▸ **EXERCISE DIRECTIONS**: Once the line with "Sun Room Afghan" is found in the entries below, print it and each following line exactly, stopping after the line with "Big Reef Squid"; print nothing else.

▸ **RECORDS**:
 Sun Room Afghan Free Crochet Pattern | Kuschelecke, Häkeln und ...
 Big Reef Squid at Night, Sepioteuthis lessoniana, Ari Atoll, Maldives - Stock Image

==

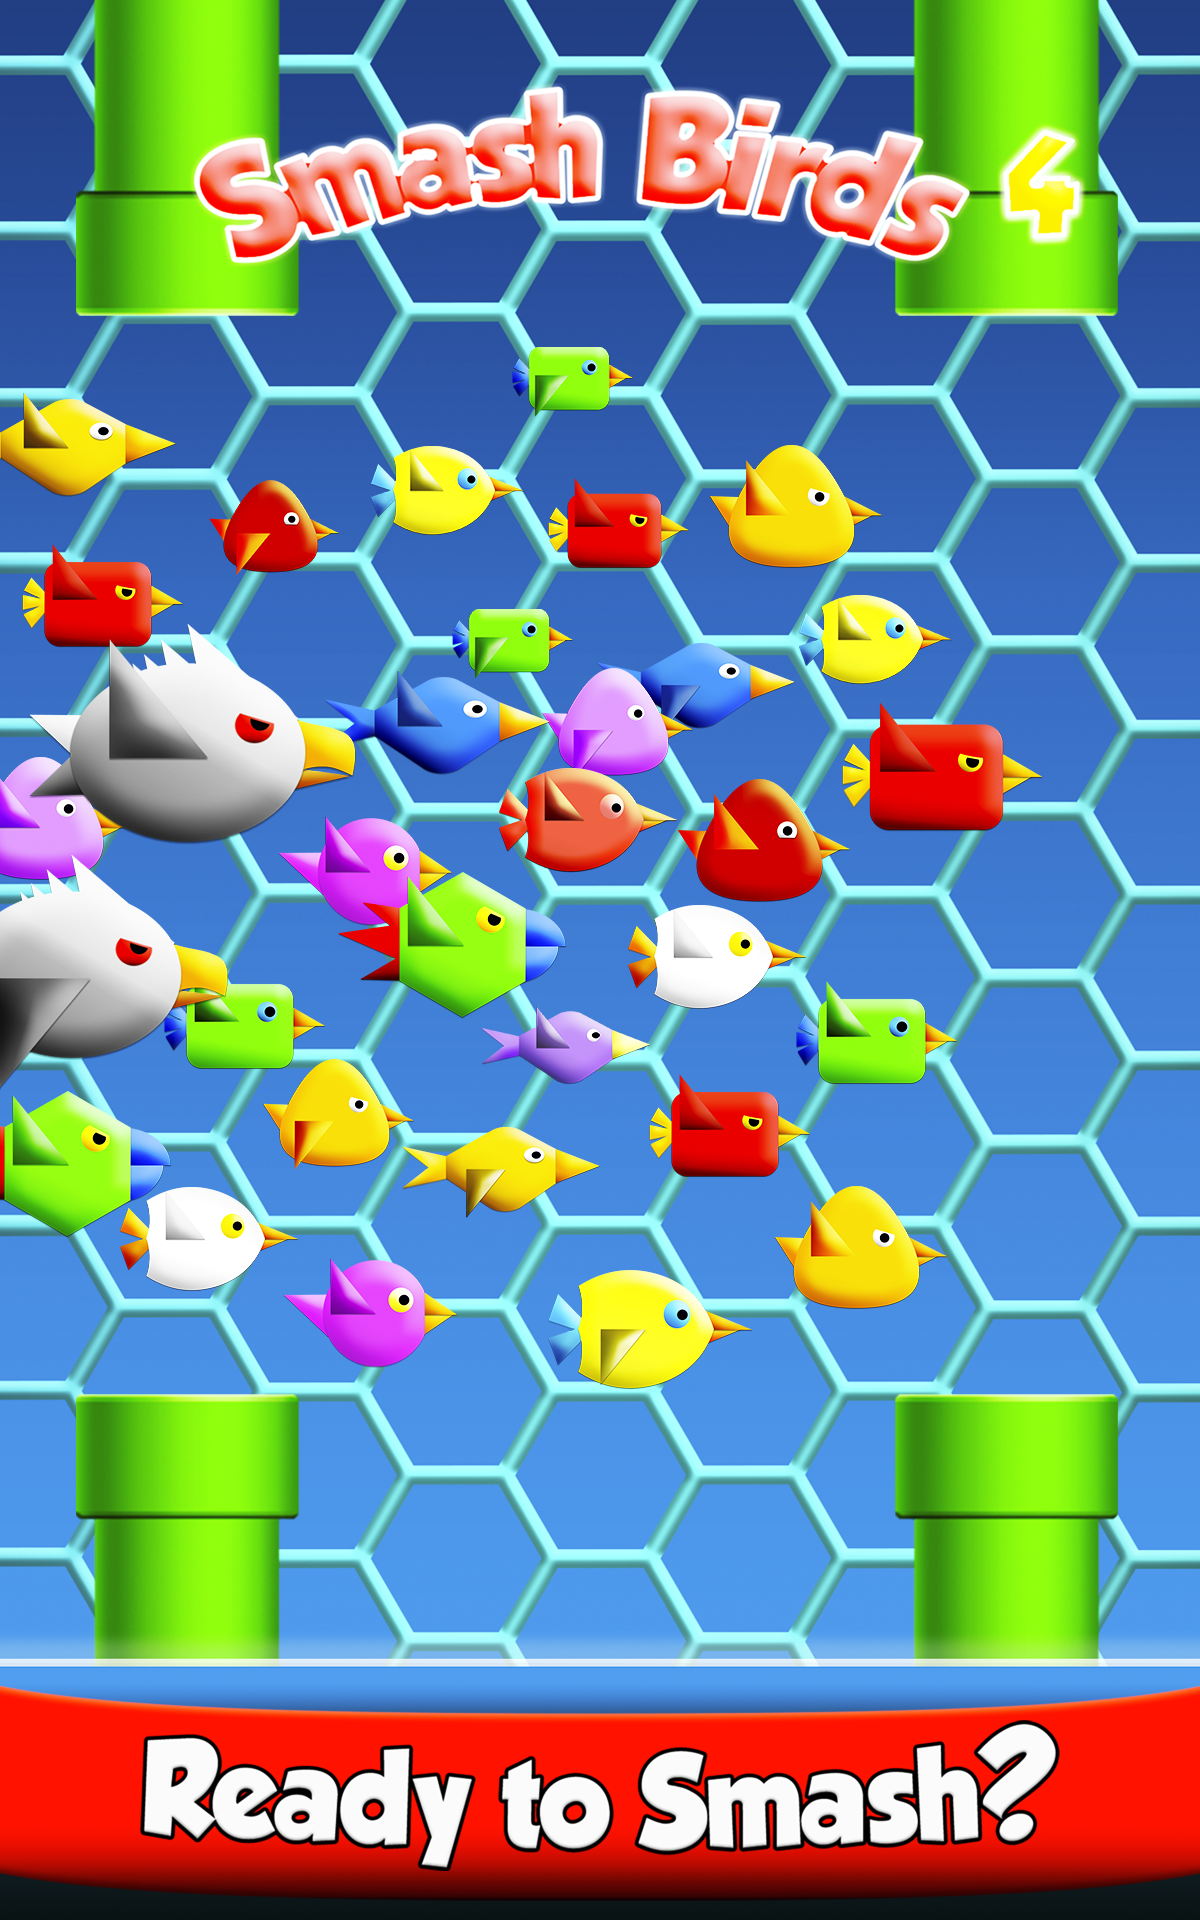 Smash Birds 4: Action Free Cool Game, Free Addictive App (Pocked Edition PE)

▸ **OUTPUT FOR THIS TASK**:
 Sun Room Afghan Free Crochet Pattern | Kuschelecke, Häkeln und ...
 Big Reef Squid at Night, Sepioteuthis lessoniana, Ari Atoll, Maldives - Stock Image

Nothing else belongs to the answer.